Throughout the day's talks, "wartime" is consistently presented and conceived as state-based conflict, and the several speakers with ties to U.S. government have naturally presented the ethical and strategic problems facing fighters of cyber-war in very national/istic terms. Quite understandable, of course. But it nevertheless feels a little odd to me in the context of the history of broadly-conceived civil liberties and populist movements (both domestic and international) from which the discourse of social responsibility emerges. Luckily CPSR founder Terry Winograd wound up the day, and had the presence of mind to speak for many about the alternate view. Whereas many speakers of the day took war for granted, Winograd was the only one to explicitly state that we should always question the wars themselves, not just how computer professionals can make war "better."
Leading to that remark, the most unsettling panel today was the morning session on the possibility of programming ethics into robots in battlefields and robot soldiers. All three panelists, one right after the other, expressed no contrary opinions, instead merely varying degrees of optimism about the hope that robots can ultimately be more ethical soldiers than human beings (!!!!).
On an up note, everyone should go to stopthespying.org and submit their picture to be counted in the battle against NSA spying. As Cindy Cohn pointed out: the U.S. government behaves as if a public consensus in favor of government spying exists, when in fact it does not! And the EFF's remedy is to create a literal picture of the constituency against spying. --MSP
1 Comments:
I agree Megan. Cognitive dissonance was the theme of the day for me.
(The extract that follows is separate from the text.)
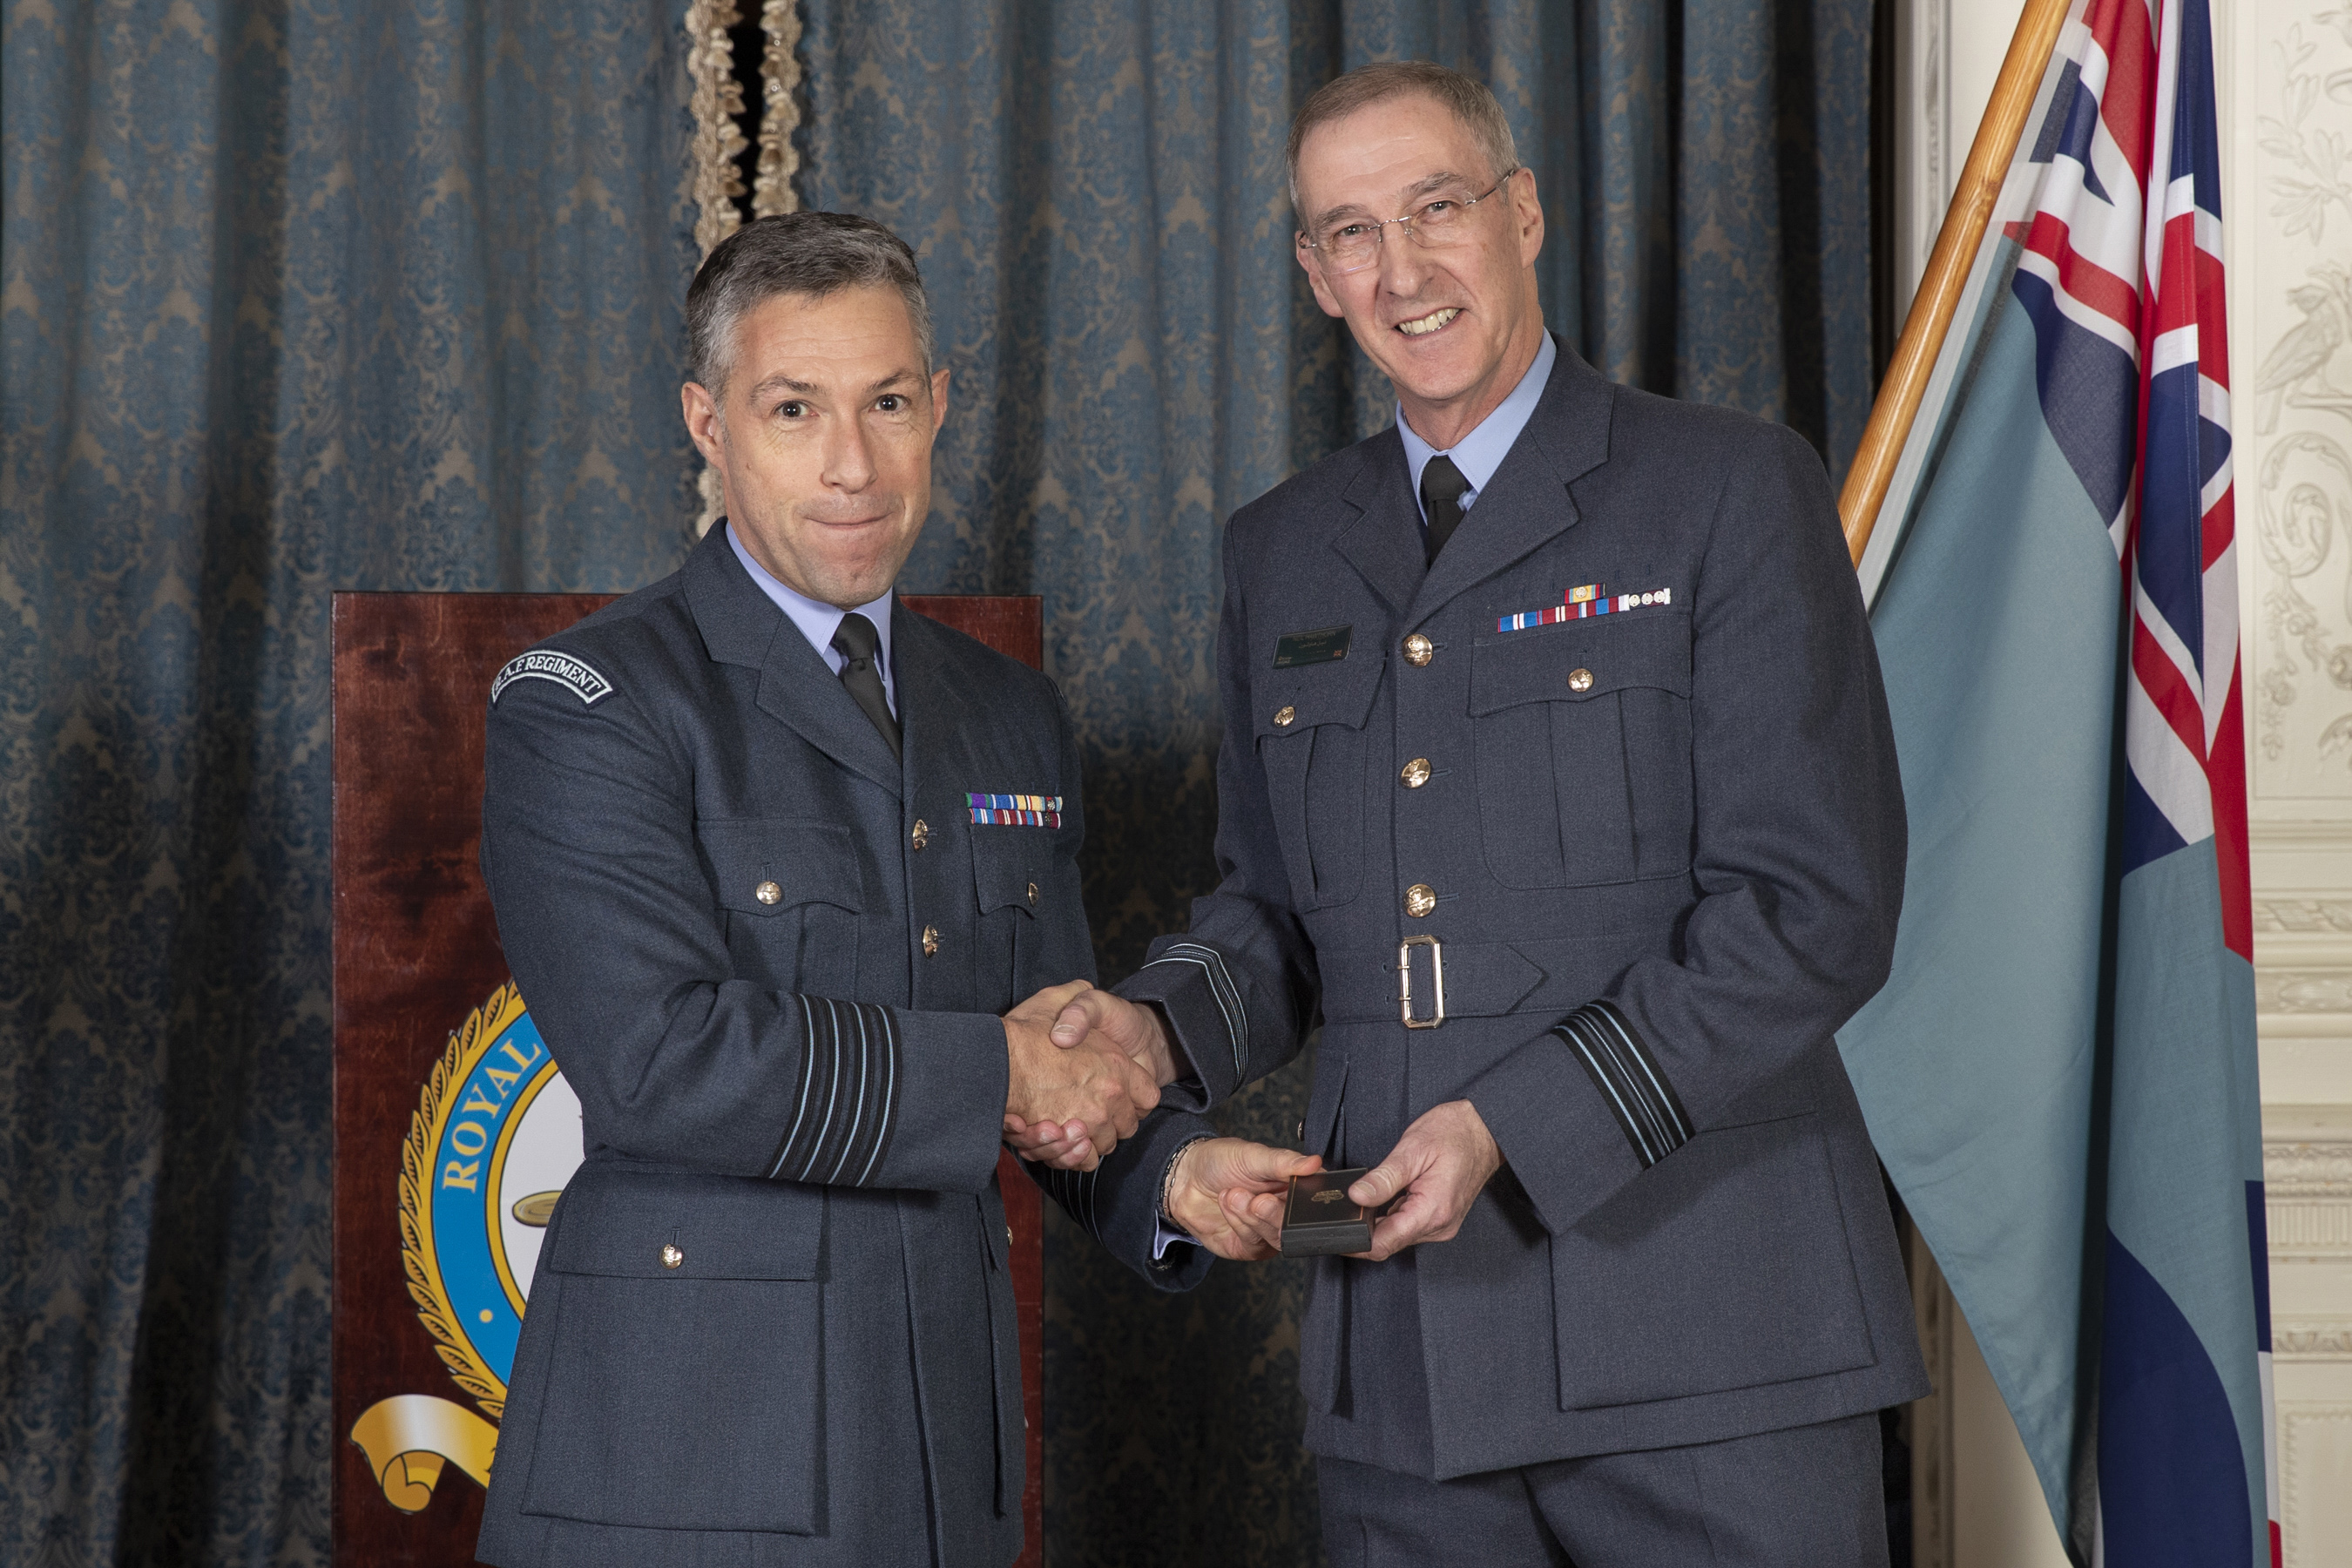 Image shows RAF Aviators shaking hands.

It vacillated between odd, eery panels showing off military technologies (and one where the speaker had a decidedly odd/non-web2.0 perspective on "social networking"), unmanned aerial vehicles etc with much more contextual, socially responsible panels (like the one with Patrick Ball, Nick Mathewson and Cindy Cohn and the last one with Barbara Simons, Terry Winograd, and Jeff Ubois) discussing the ethics and societal impacts of technologies.